Yeah it's super weird how MJF never wrestles. His matches are always good, so it's not like they have to hide that he can't work


----------



## BestInTheWorld312 (Dec 31, 2013)

Why is Tony just putting ROH everywhere now


----------



## redban (Feb 16, 2007)

Some of ya’ll got nothing else to do. It’s a 2-hour wrestling show that airs once a week. It ain’t that serious


----------



## bdon (Nov 12, 2019)

First episode I’ve watched beginning to end since the episode after All Out.

This show sucks so fucking bad. Jeff Jarrett? 10 minutes dedicated to Billy Gunn? Samoa fucking Joe and Brian Cage in the main event?

Fuck you, Tony. Your company was doing great.It was growing. The Elite were garnering the highest rated segments thanks to newfound eyes giving it a chance…and you fucking gave away the show to _The WWE Rejects. _

You proceeded to lose the momentum as you stopped showing the world stars they’d never seen. You buried Page in a 6 month long story with Adam Cole for no reason, other than have him be a placeholder to get the belt on your hero, you fucking mark.
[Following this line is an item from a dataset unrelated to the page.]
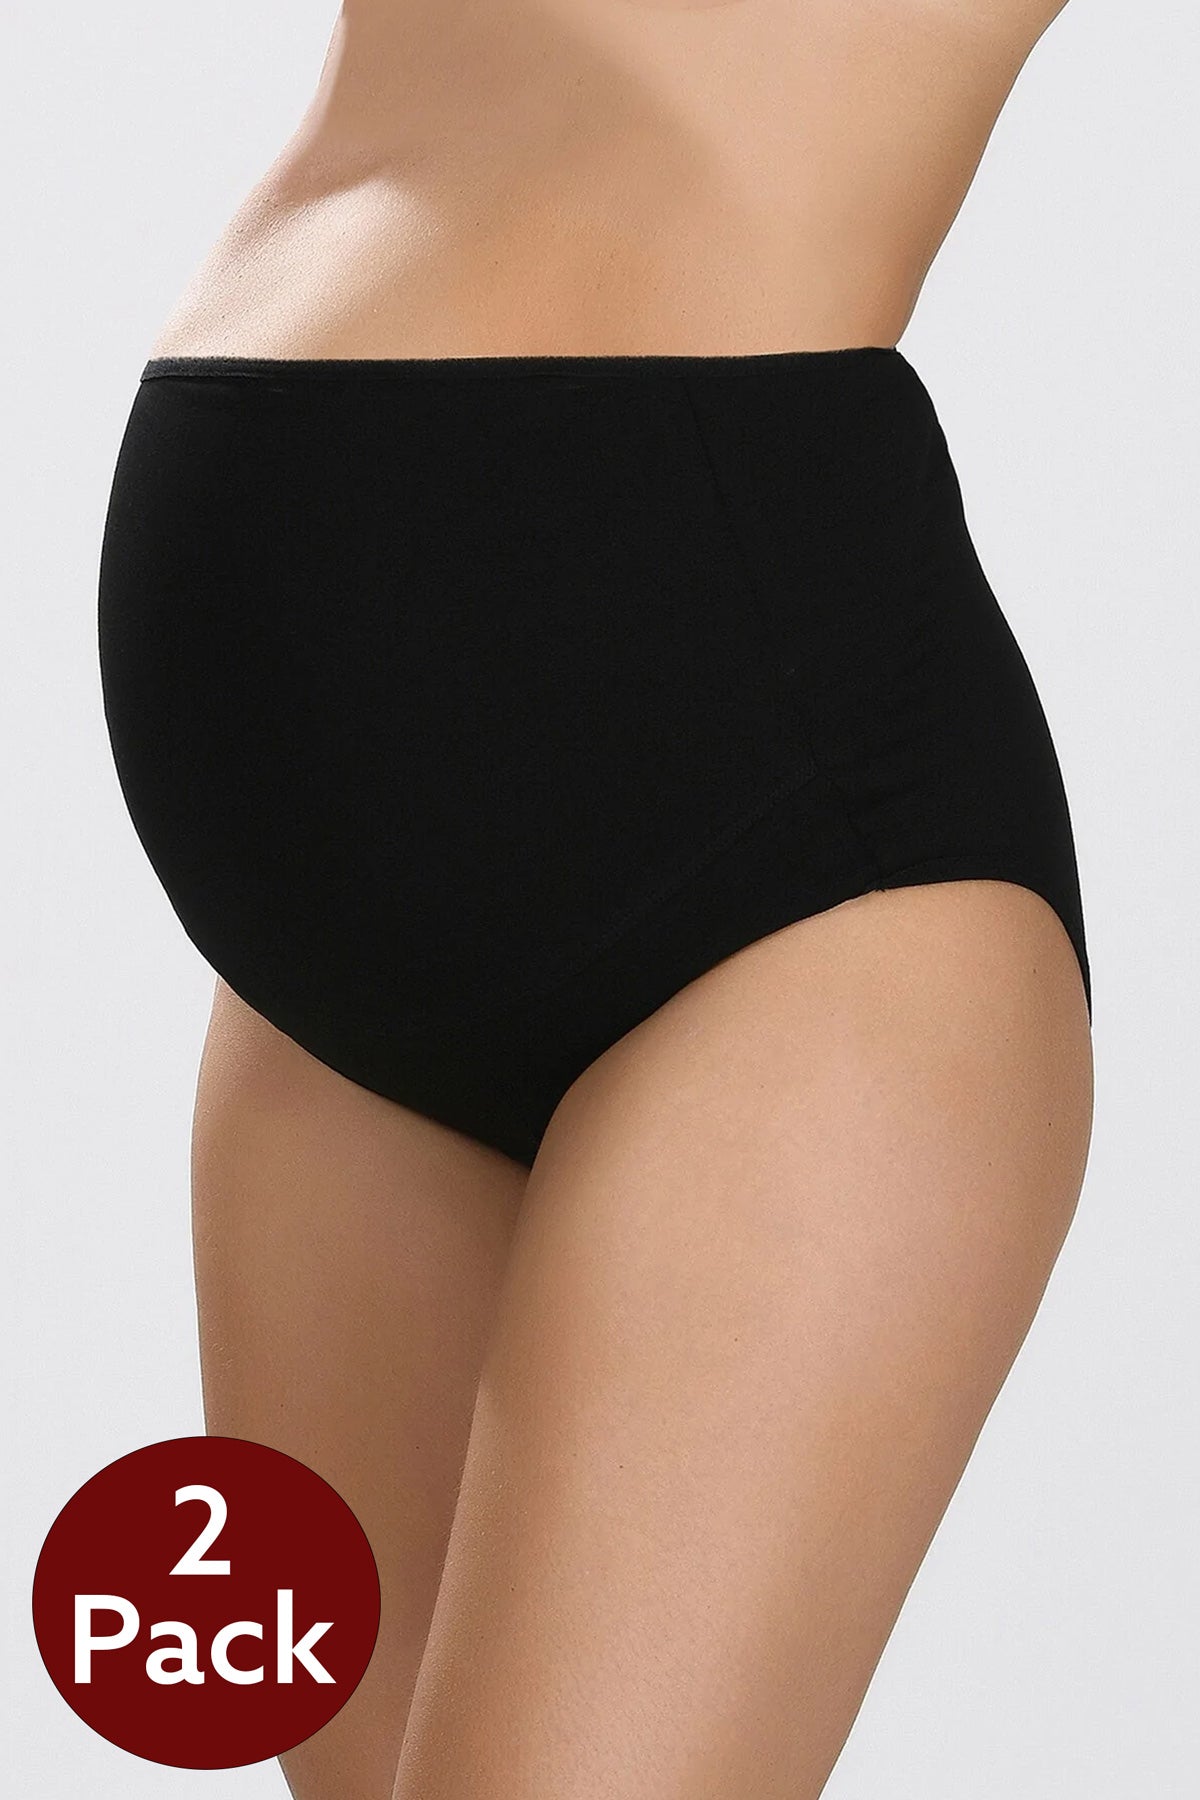 Shopymommy - 2-Pack Cotton Maternity Panties Black - 540
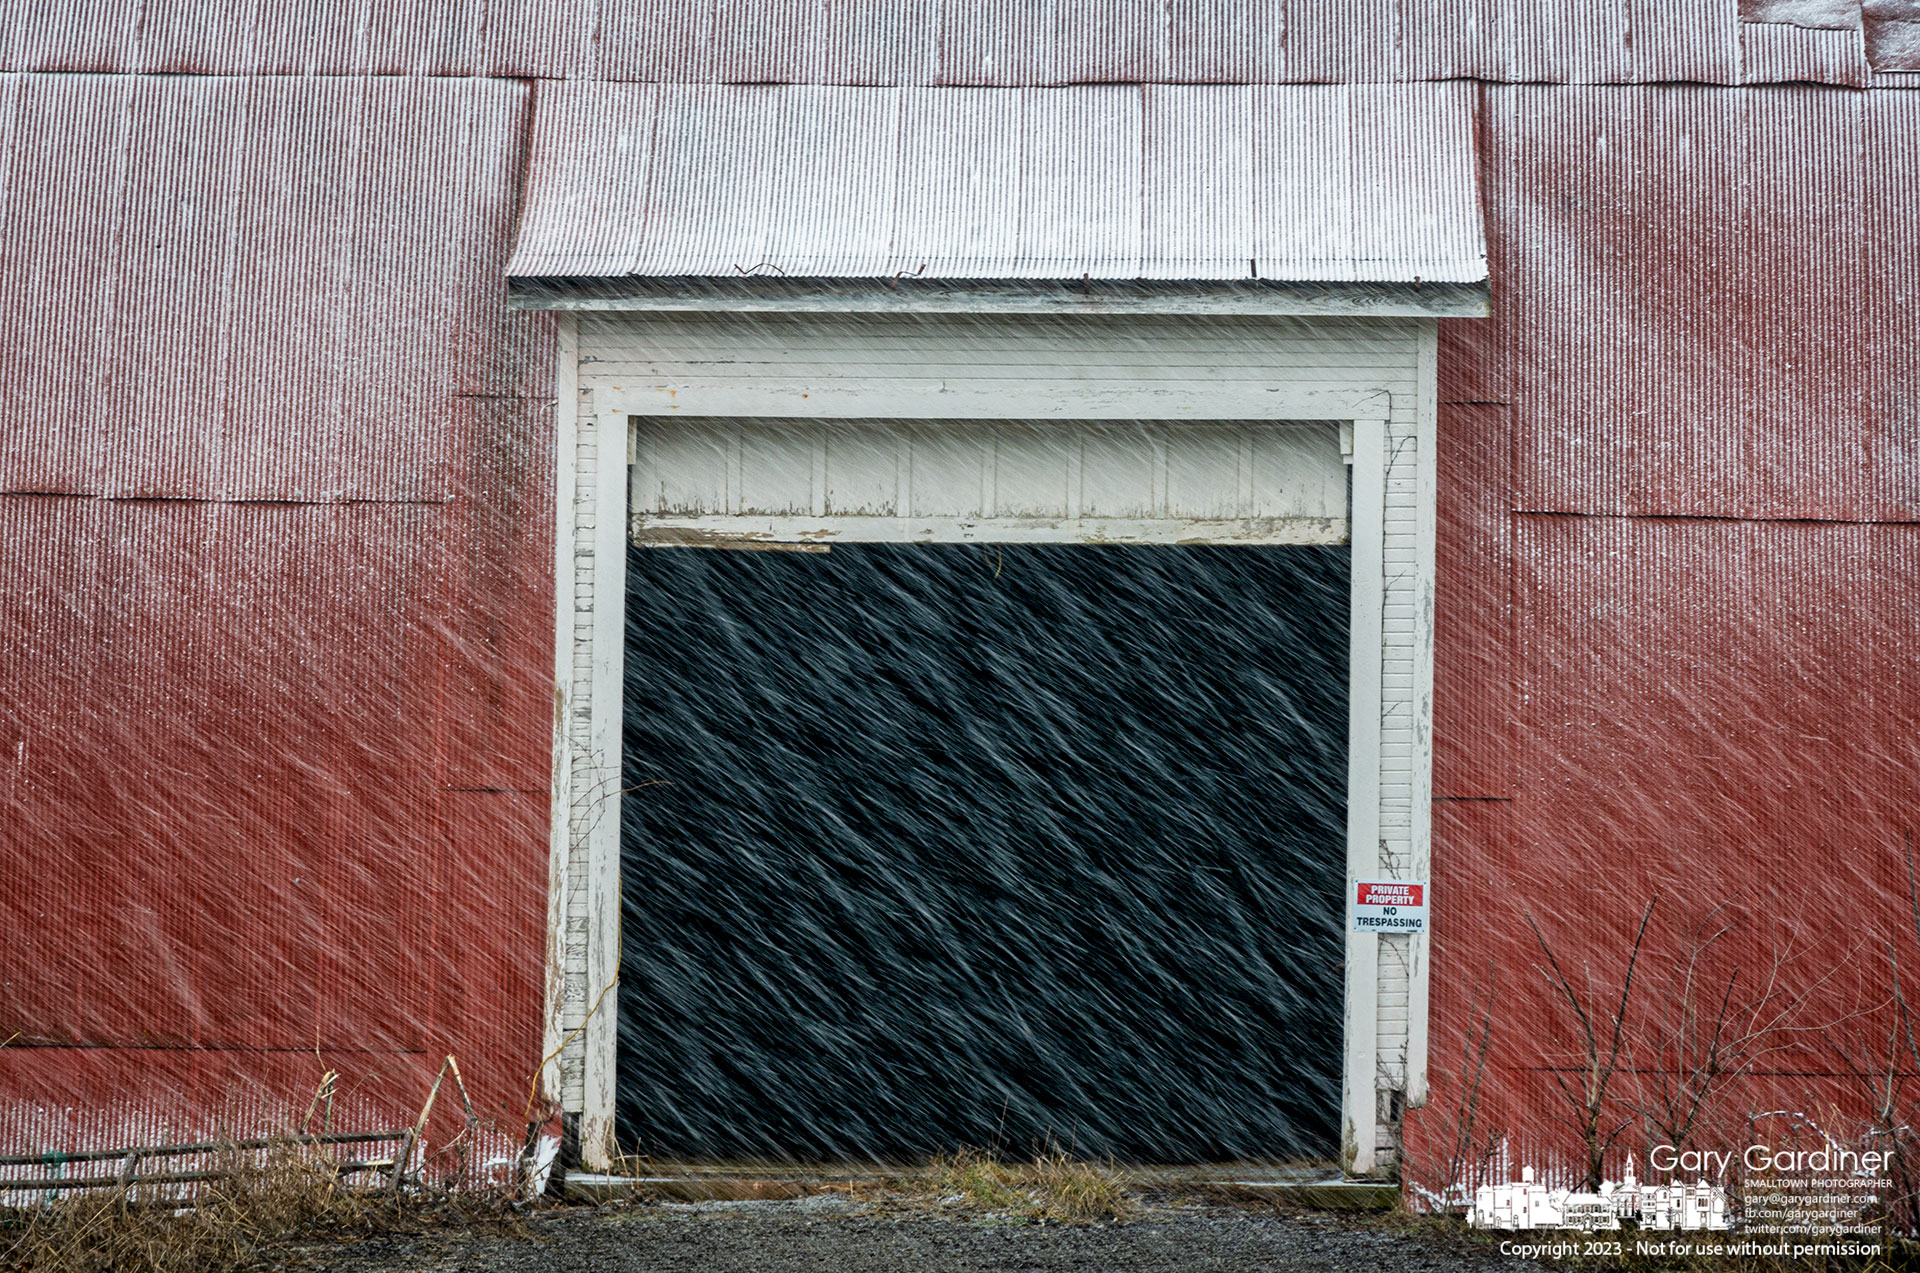 Afternoon winter snow flurries fly past the open door and begin to coat the barn at the Braun Farm. My Final Photo for January 30, 2023.

And I’m not sure your stupid fucking mark ass didn’t buy ROH just as a favor to Bryan and Punk, which you’re now forced to fucking shove to TV every Wednesday as your show loses relevancy more and more.

Fuck you, dog wanker.


----------



## Chan Hung (Dec 28, 2011)

Geeee said:


> Yeah it's super weird how MJF never wrestles. His matches are always good, so it's not like they have to hide that he can't work


Even a quick squash, but nope. 

In WWE he would wrestle weekly. Hell, look at Cody...he stopped bleeding every week when he went to WWE, so people can change LOL


----------



## Chan Hung (Dec 28, 2011)

bdon said:


> First episode I’ve watched beginning to end since the episode after All Out.
> 
> *This show sucks so fucking bad*. Jeff Jarrett? 10 minutes dedicated to Billy Gunn? Samoa fucking Joe and Brian Cage in the main event?
> 
> ...


We dont always agree, but when we agree...WE AGREE!


----------



## bdon (Nov 12, 2019)

Chan Hung said:


> We dont always agree, but when we agree...WE AGREE!


It’s dead. Money may keep it alive, but anyone who takes pride in their work should be ashamed and looking elsewhere. Props to Mox and Jericho for getting their bags, but they hitched their wagon to a rudderless ship that is quickly headed for shore.


----------



## Chan Hung (Dec 28, 2011)

bdon said:


> It’s dead. Money may keep it alive, but anyone who takes pride in their work should be ashamed and looking elsewhere. Props to Mox and Jericho for getting their bags, but they hitched their wagon to a rudderless ship that is quickly headed for shore.


Agree 100%%%


----------



## ElTerrible (Feb 8, 2004)

Why they giving away Shibata/OC on Rampage. This should be on Full Gear. Hopefully there is some fuckery on Friday that pushes it back.


----------



## Chan Hung (Dec 28, 2011)

ElTerrible said:


> Why they giving away Shibata/OC on Rampage. This should be on Full Gear. Hopefully there is some fuckery on Friday that pushes it back.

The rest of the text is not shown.